Liberty Walk Sells a Ford Bronco Widebody and It’s Still Narrower Than a Raptor

The makers of the most absurd widebody kits that are usually seen on supercars took a crack at the Ford Bronco.
Liberty Walk

Prepare yourself, the overfender nationals have reached a new level. Japanese widebody kit maker Liberty Walk is best known for making bolt-on widebody kits for modified street Lamborghinis, Ferraris, and Nissan GT-Rs. Trucks might possibly be the furthest thing away from what Liberty Walk does, even though trucks have a strong history of bolt-on overfenders of their own. Yet, here we are with a Liberty Walk widebody kit for a modern Ford Bronco that you can buy now. And it looks good.

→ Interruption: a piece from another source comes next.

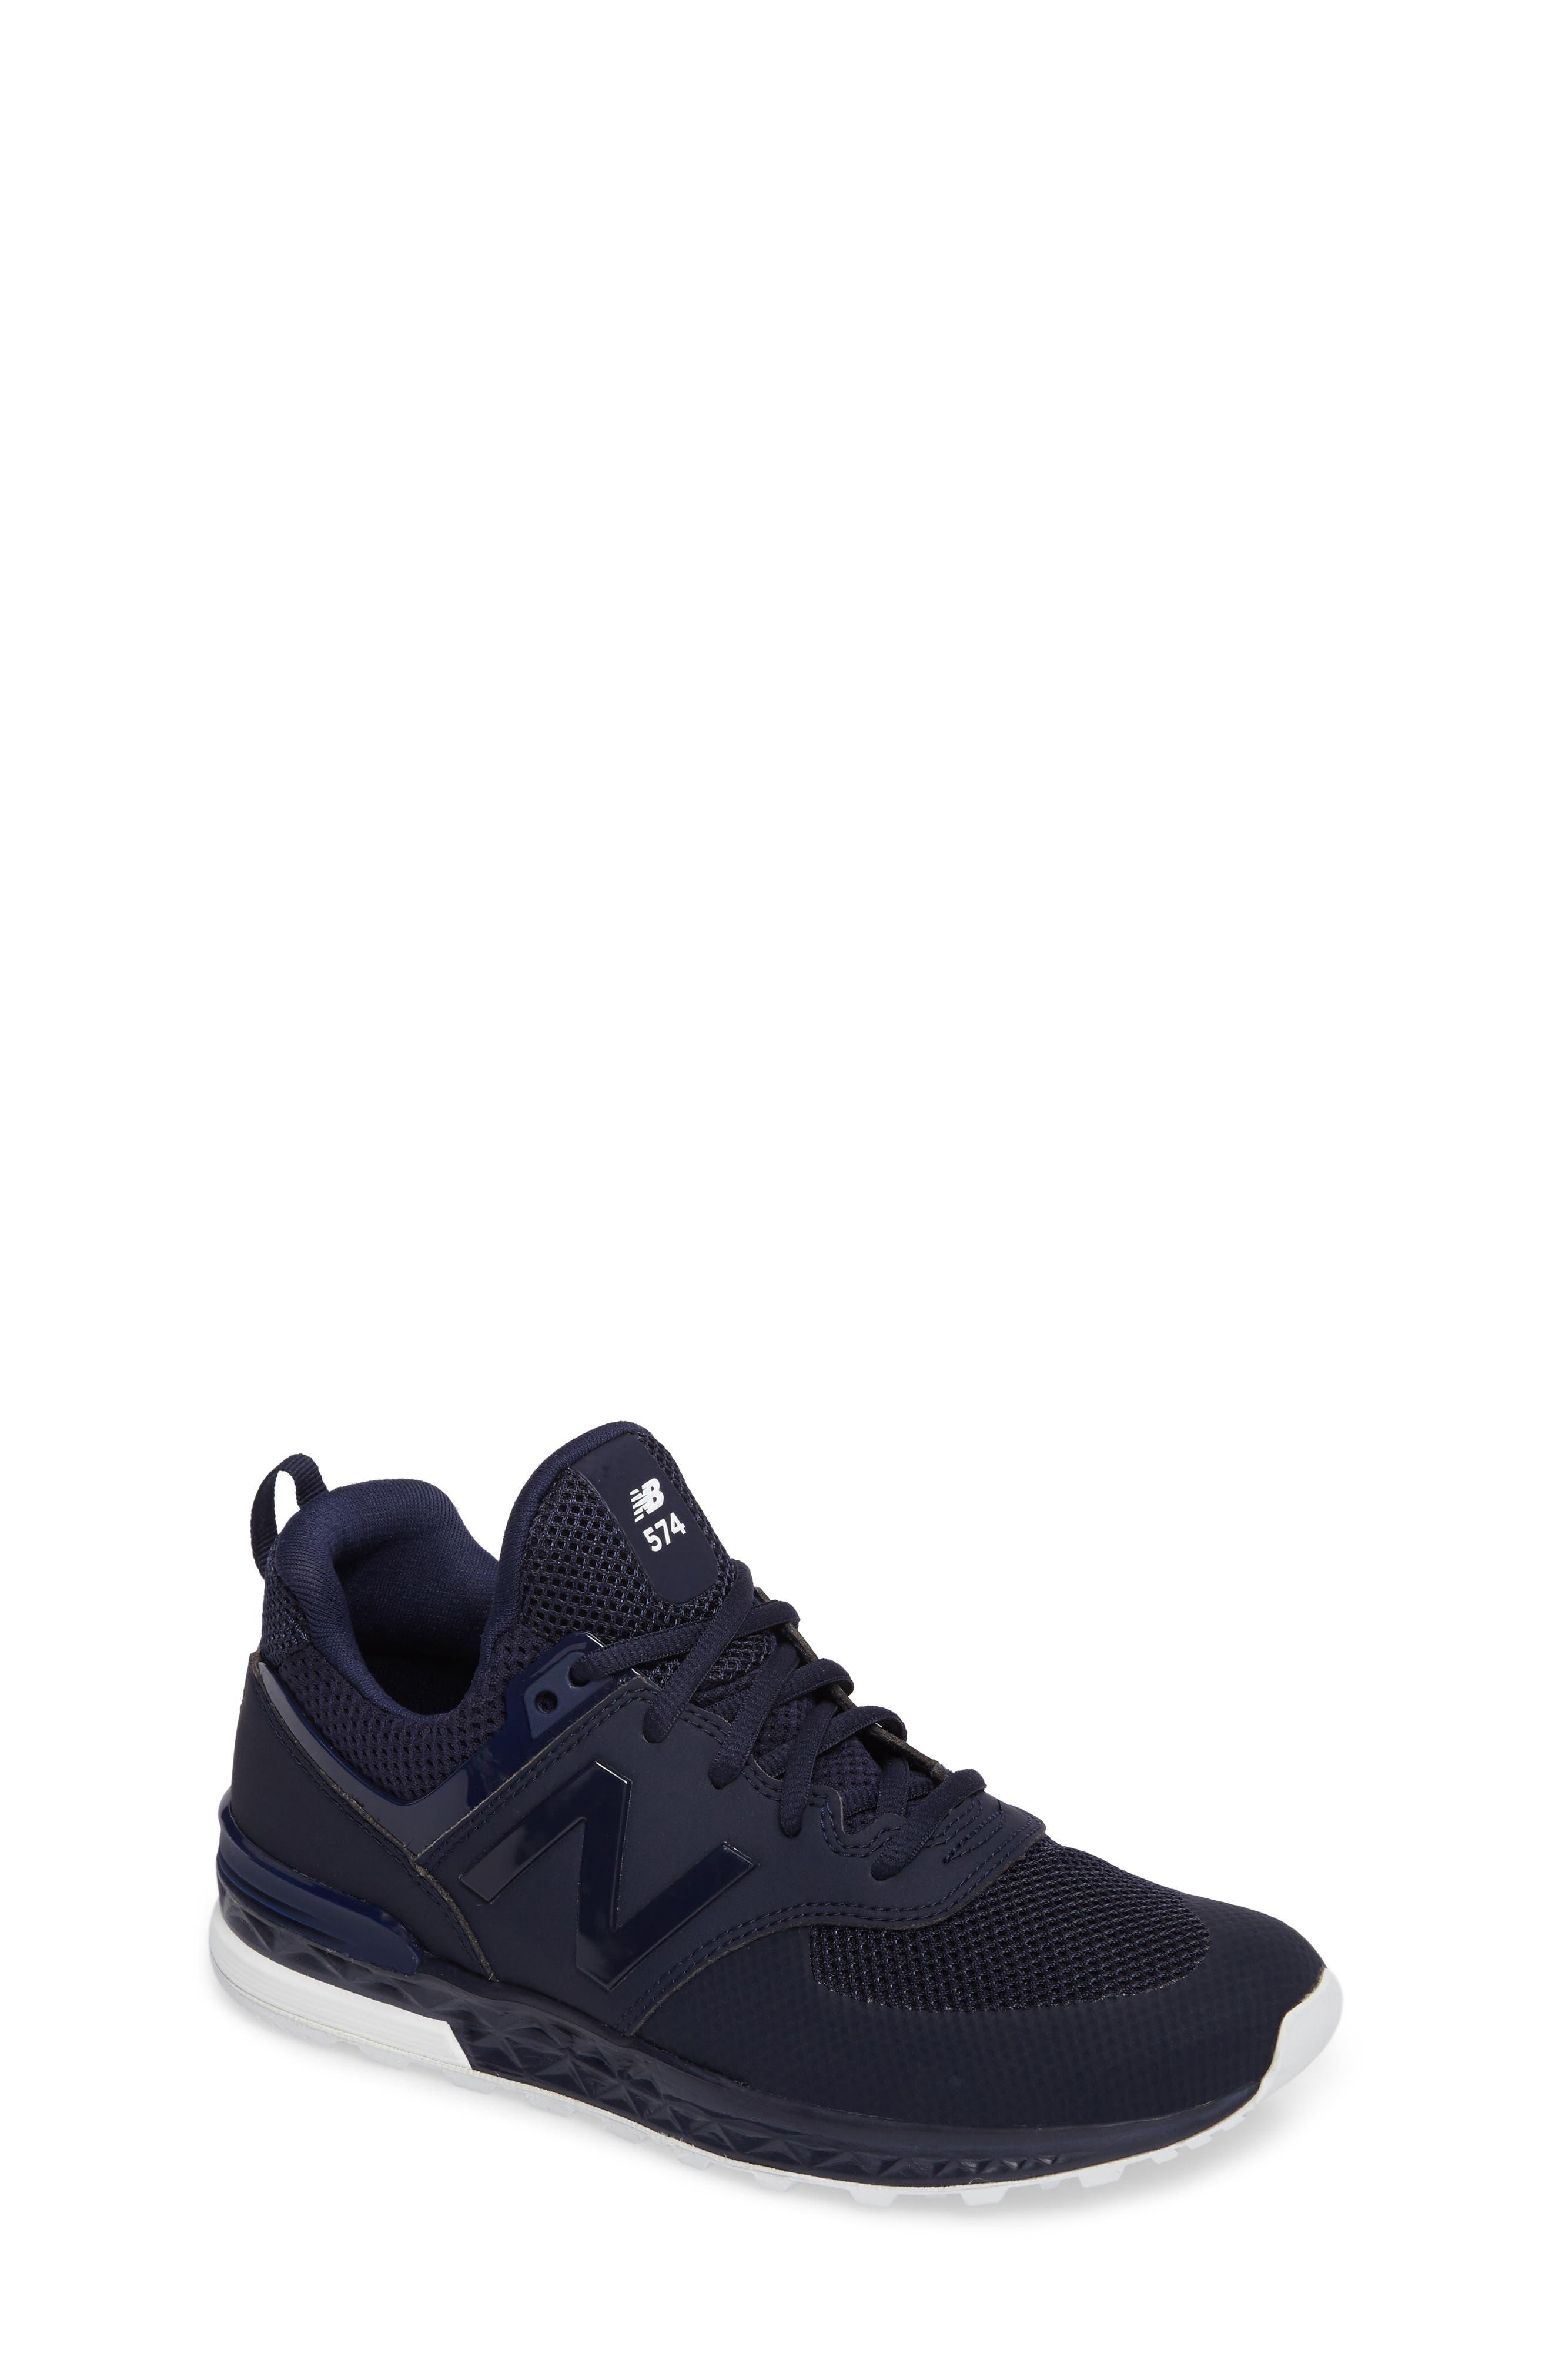 Main Image - New Balance 574 Sport Sneaker (Baby, Walker, Toddler, Little Kid & Big Kid)
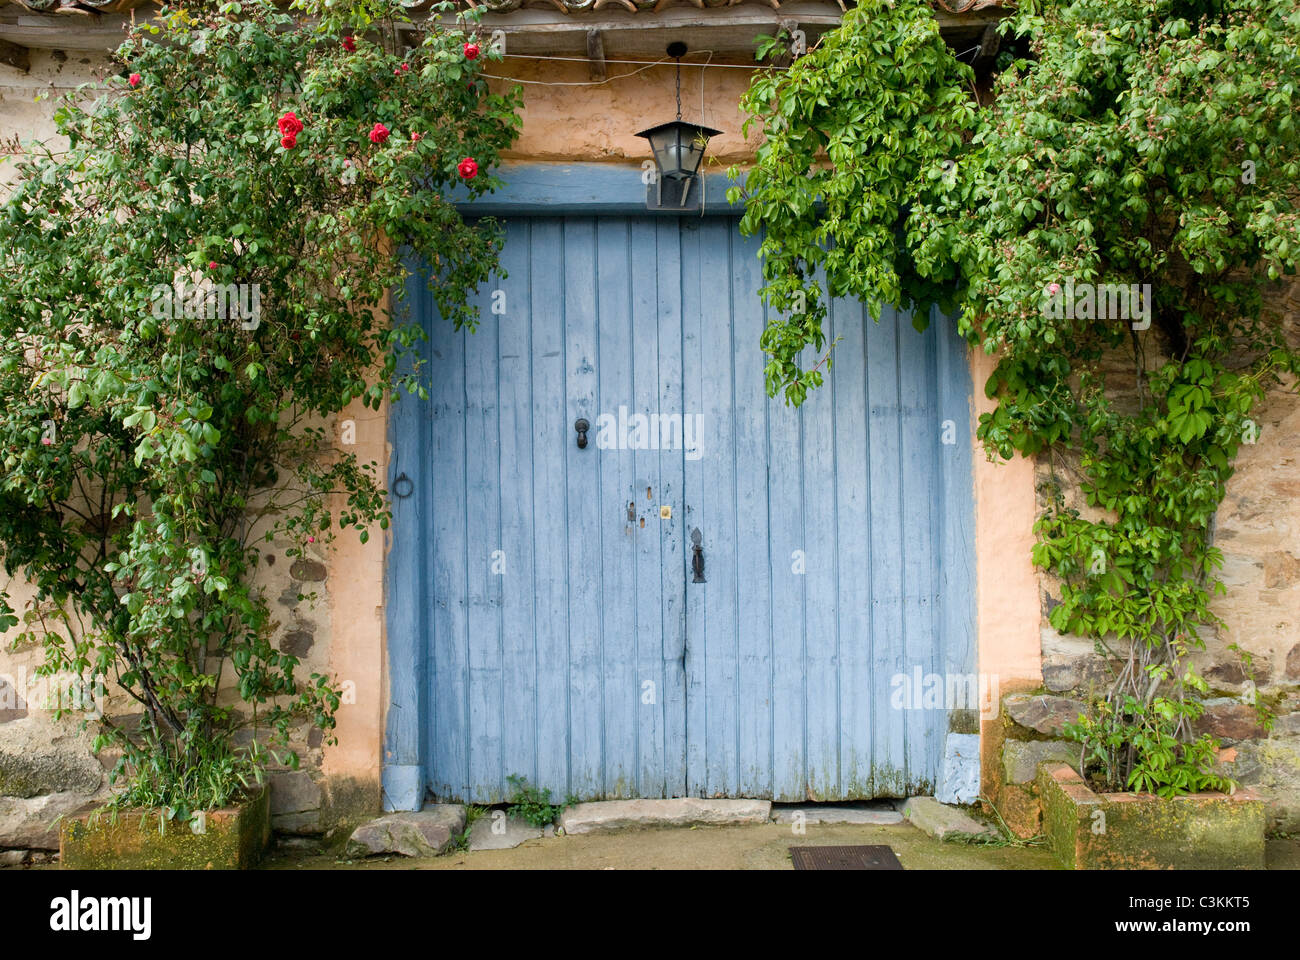 Traditional rustic doorway along the pilgrimage route, Camino de Santiago, Northern Spain - Stock Image

The overfender treatment has long been controversial and has largely tracked with the cyclical evolution of the widebody kit. Some of the first widebodies were inspired by the fender flares of race cars in the ‘70s and ‘80s, then the fiberglass bling craze of the ‘90s and ‘00s, until we finally got the overfender mania of the modern day. In the middle of every era, there have been great widebody kits, often inspired by racing and chasing lap times rather than aesthetics. But the prevailing purpose of widebodies has always been style. 

In the case of the Bronco, Liberty Walk’s fender kit works shockingly well. Where most of its kits go on delicately designed supercars with clearly defined design theses, the Bronco is a big, industrial brute of a vehicle. So while the Liberty Walk kit for a Lamborghini Aventador or a Ferrari F40 might be jarring because of the way the exposed rivets and generally sinuous shapes of the Liberty Walk kit contrast against the beautiful, clean designs of the supercars, it works for the Bronco. I’d even hazard to say it looks like it could’ve come like that from the factory.

It is one of Liberty Walk’s less intense kits but actually might have the most mass appeal of all of them. For $3,080, Bronco owners have an option for an extremely high-quality fender kit that will toughen up their rigs visually. Maybe we’ll start seeing these on trails stateside soon.